According to Elise Mac Adam, the IndieEtiquette columnist for IndieBride.com and author of “Something New: Wedding Etiquette for Rule Breakers, Traditionalists, and Everyone In Between” (Simon Spotlight Entertainment, 2008), saying no to the apparel-pushers is all about your tone.

“It is perfectly reasonable to not want to wear your mother’s old wedding dress,” says Mac Adam, “but telling her outright that it isn’t your taste isn’t the route to take.”

Gently acknowledge your mother’s feelings while also being direct, advises Mac Adam. Emphasize how much you cherish her offer and support, but explain that you really want the special experience of picking out your own dress. Try to avoid making comments on the style of her gown or saying anything about your specific taste in dresses – simply base your explanation on your interest in having the adventure of picking out something new.

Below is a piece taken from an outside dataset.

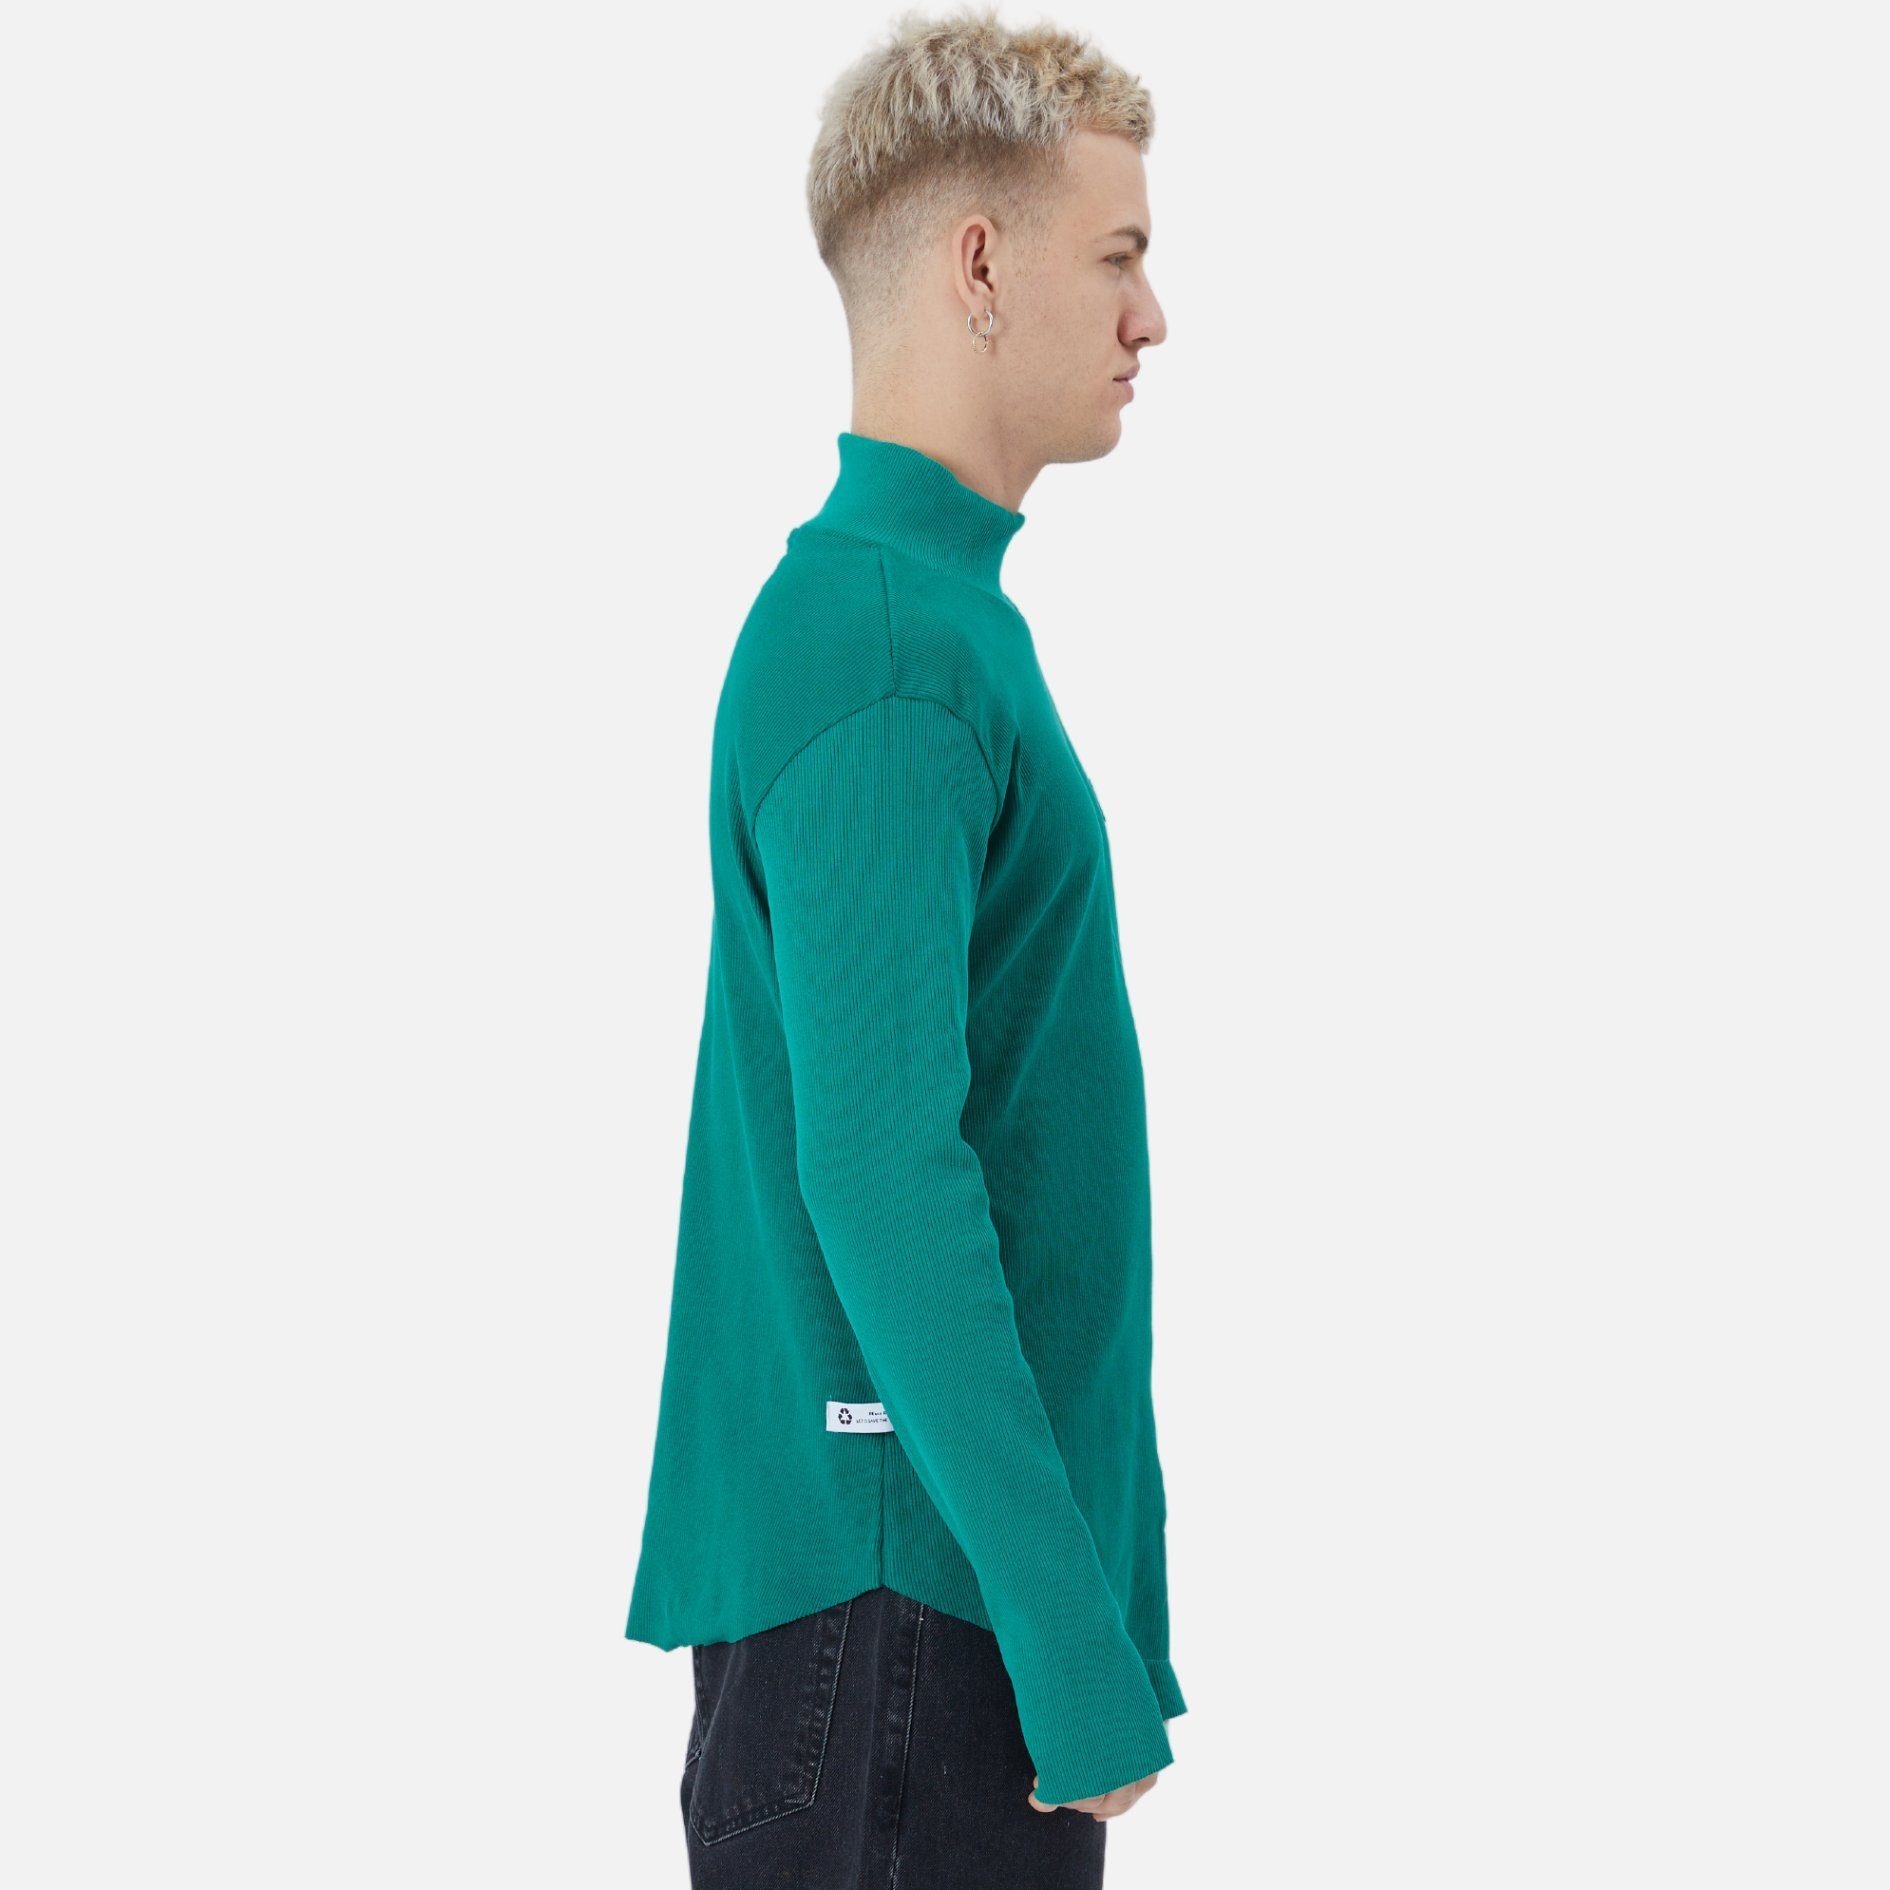 COFI Casuals Pullover Herren Fit Rundhals Sweatshirt Sweatshirt Grün Regular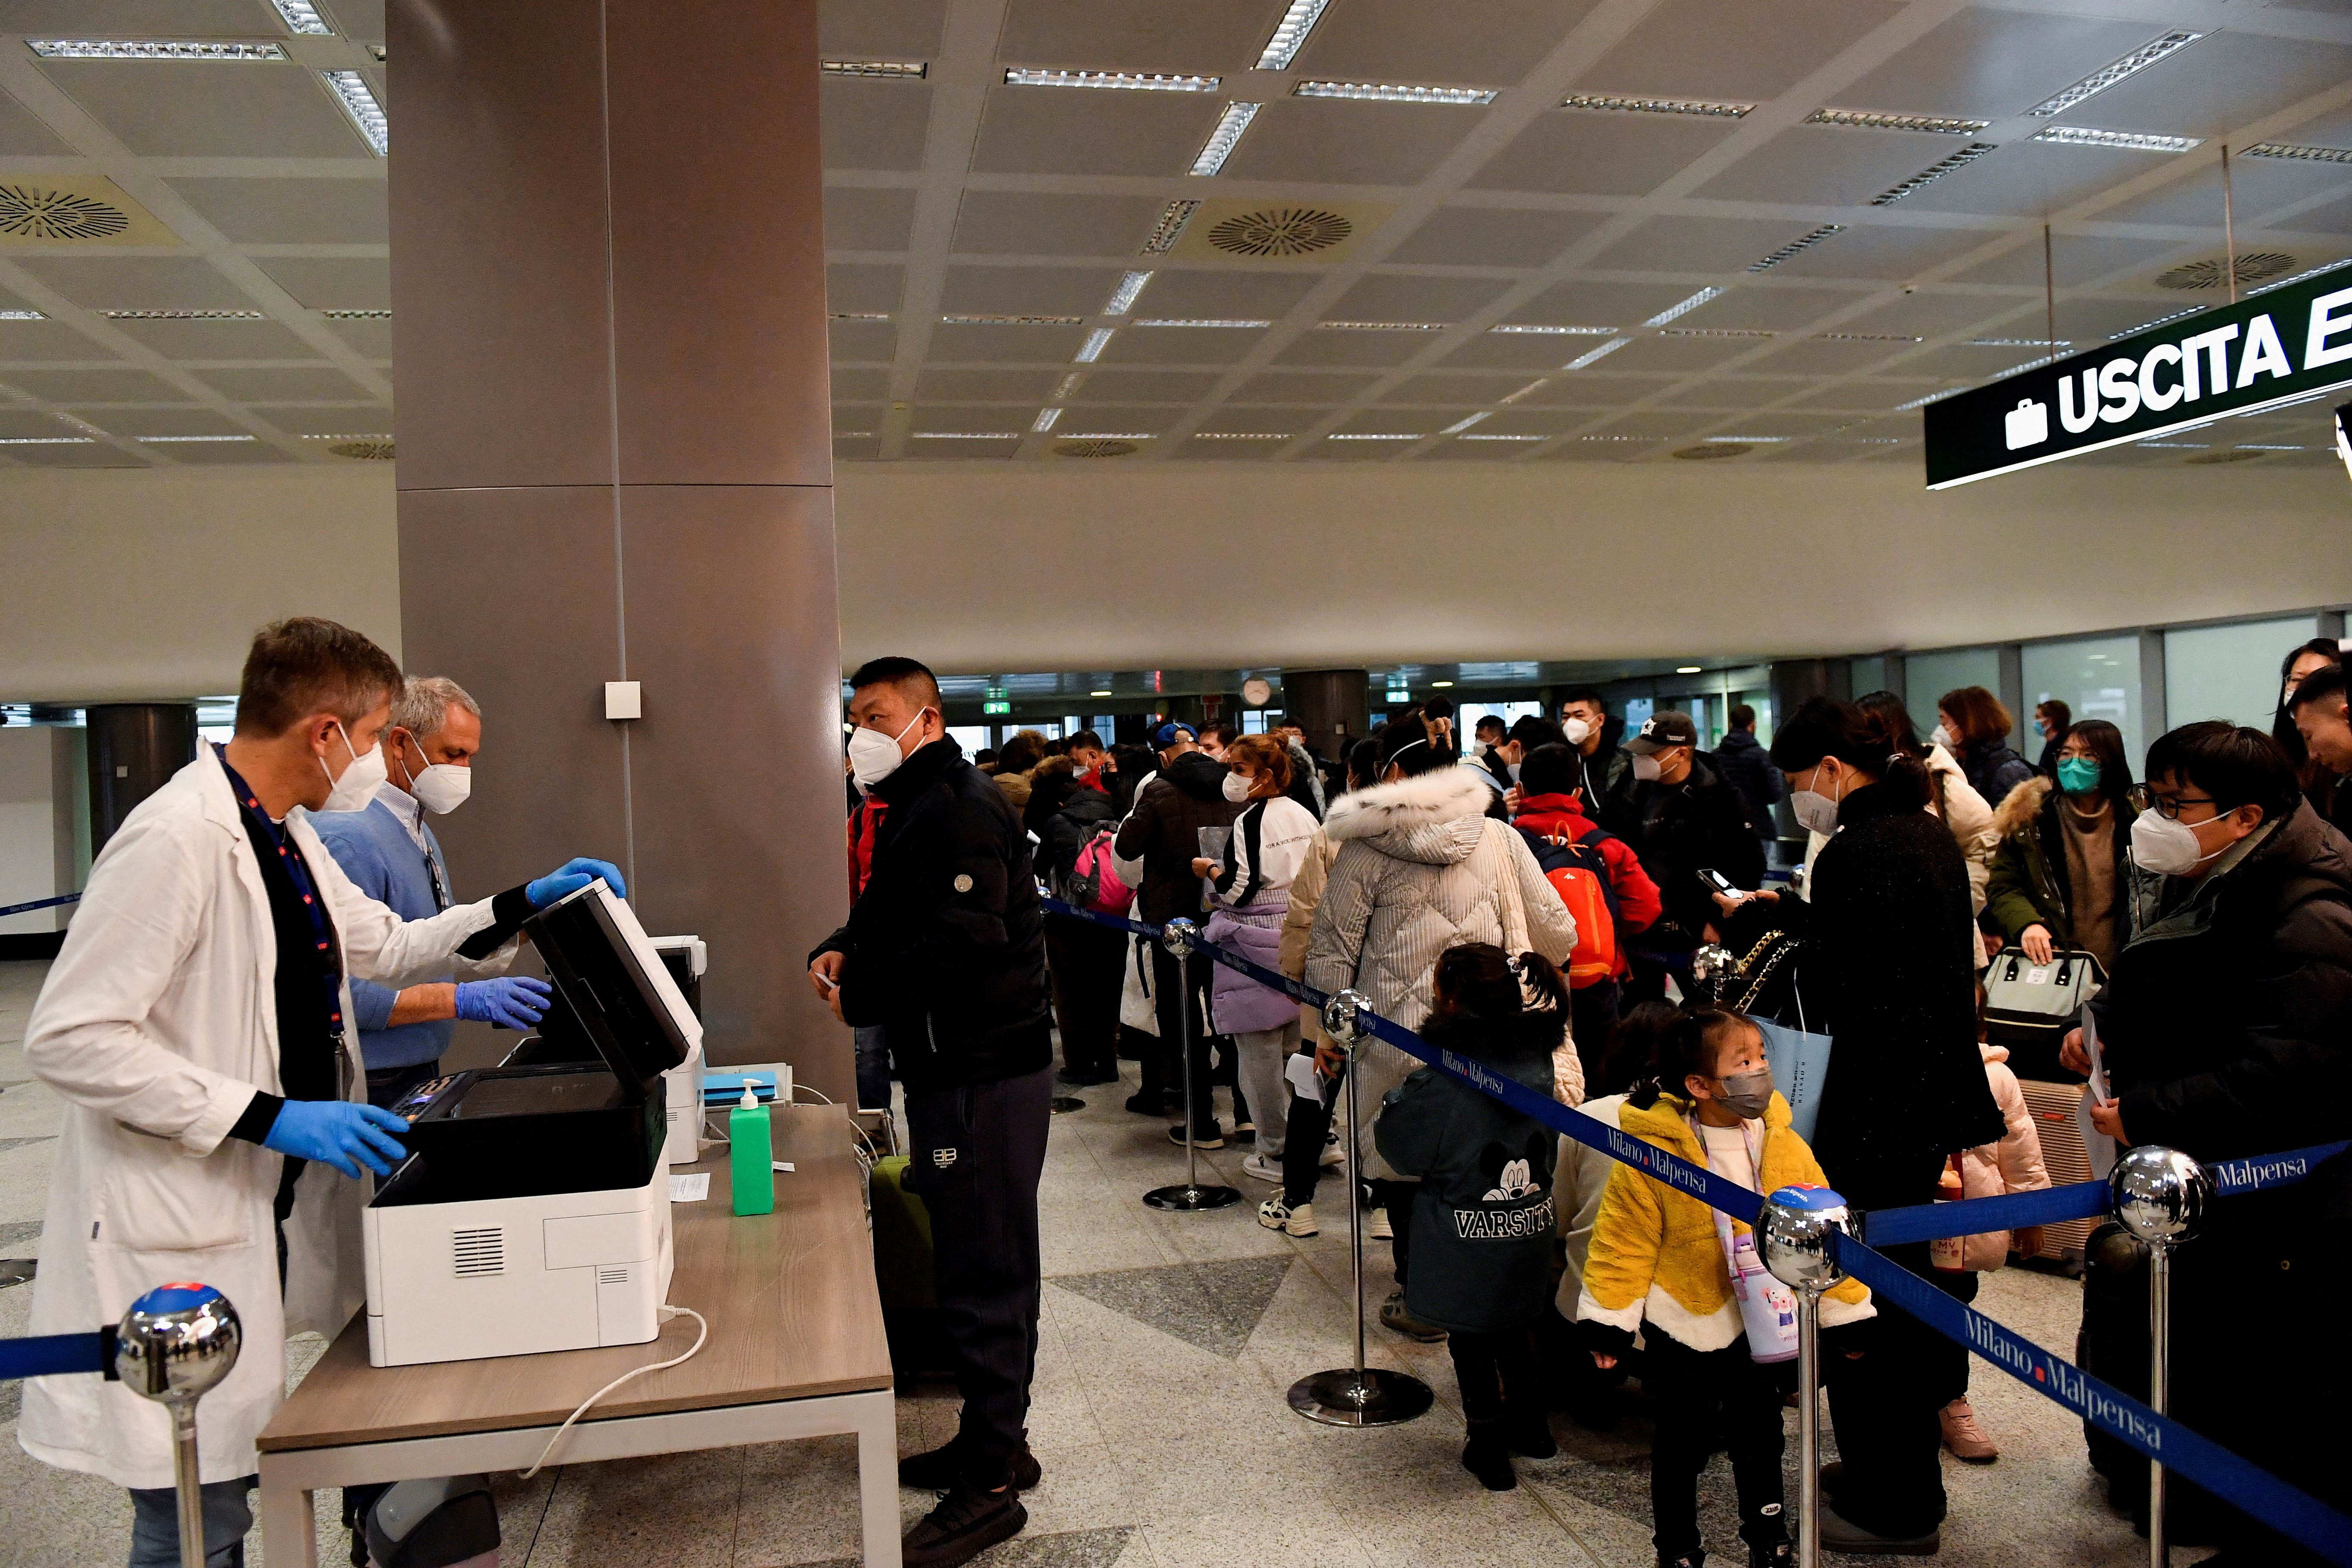 Ταξιδιωτικοί περιορισμοί λόγω κορωνοϊού κατά των κρατικών μέσων ενημέρωσης που εισάγουν διακρίσεις για τους Κινέζους επισκέπτες

You might also want to ask her if you can instead incorporate another piece of her wedding ensemble into your own attire in a smaller way, suggests Antonia van der Meer, editor-in-chief of Modern Bride magazine. You could use a piece of the lace from her veil to wrap your bouquet stems, for example, and thus incorporate your “something old” along with the “new” dress.

“Many women love the idea of passing a wedding dress on to a daughter,” says van der Meer. “If your mother is one of those who hope to see you wear the same dress she did, be sure to acknowledge the sentiment behind her offer.”

You can also then divert your mother’s attention elsewhere by asking her to join you on a special dress-shopping trip for two.

“Once she sees you in a beautiful new wedding dress of your choice, and how happy you are in it, she may be much more likely to come around to your point of view,” says van der Meer.

Even when the pusher is a different relative or perhaps a good friend, it is still important to be gracious.

“Always thank someone for the kind offer to share his or her things with you,” says van der Meer. “Then let them know that you have already made other arrangements concerning the item in question. You might say that the offered item doesn’t fit in well with your overall wedding look or you may let them know that you have already found something else that just happened to be perfect.”

You could also say that since the hat/jewelry/shoes/handbag is so beautiful that you wouldn’t want to be responsible for the item during the wedding, suggests Mac Adam, but you would love it if the person offering the item wore it herself to the event. Be firm but kind, and never say anything dismissive about the object being offered or the offer itself.

But regardless of your approach in the moment, your best bet is to strategize from the beginning.

“If you have been open to compromise on other fronts, it is much easier to put your foot down and say, ‘I’m sorry, but picking my own dress is really important to me,’ or ‘I loved all of your help finding a reception venue and picking the menu, but I really want to handle the ceremony details myself,’” says Mac Adam.

Weddings are family affairs, but with a little tact, creativity and confidence, the business of the bride’s attire will belong to exactly the right person – the bride.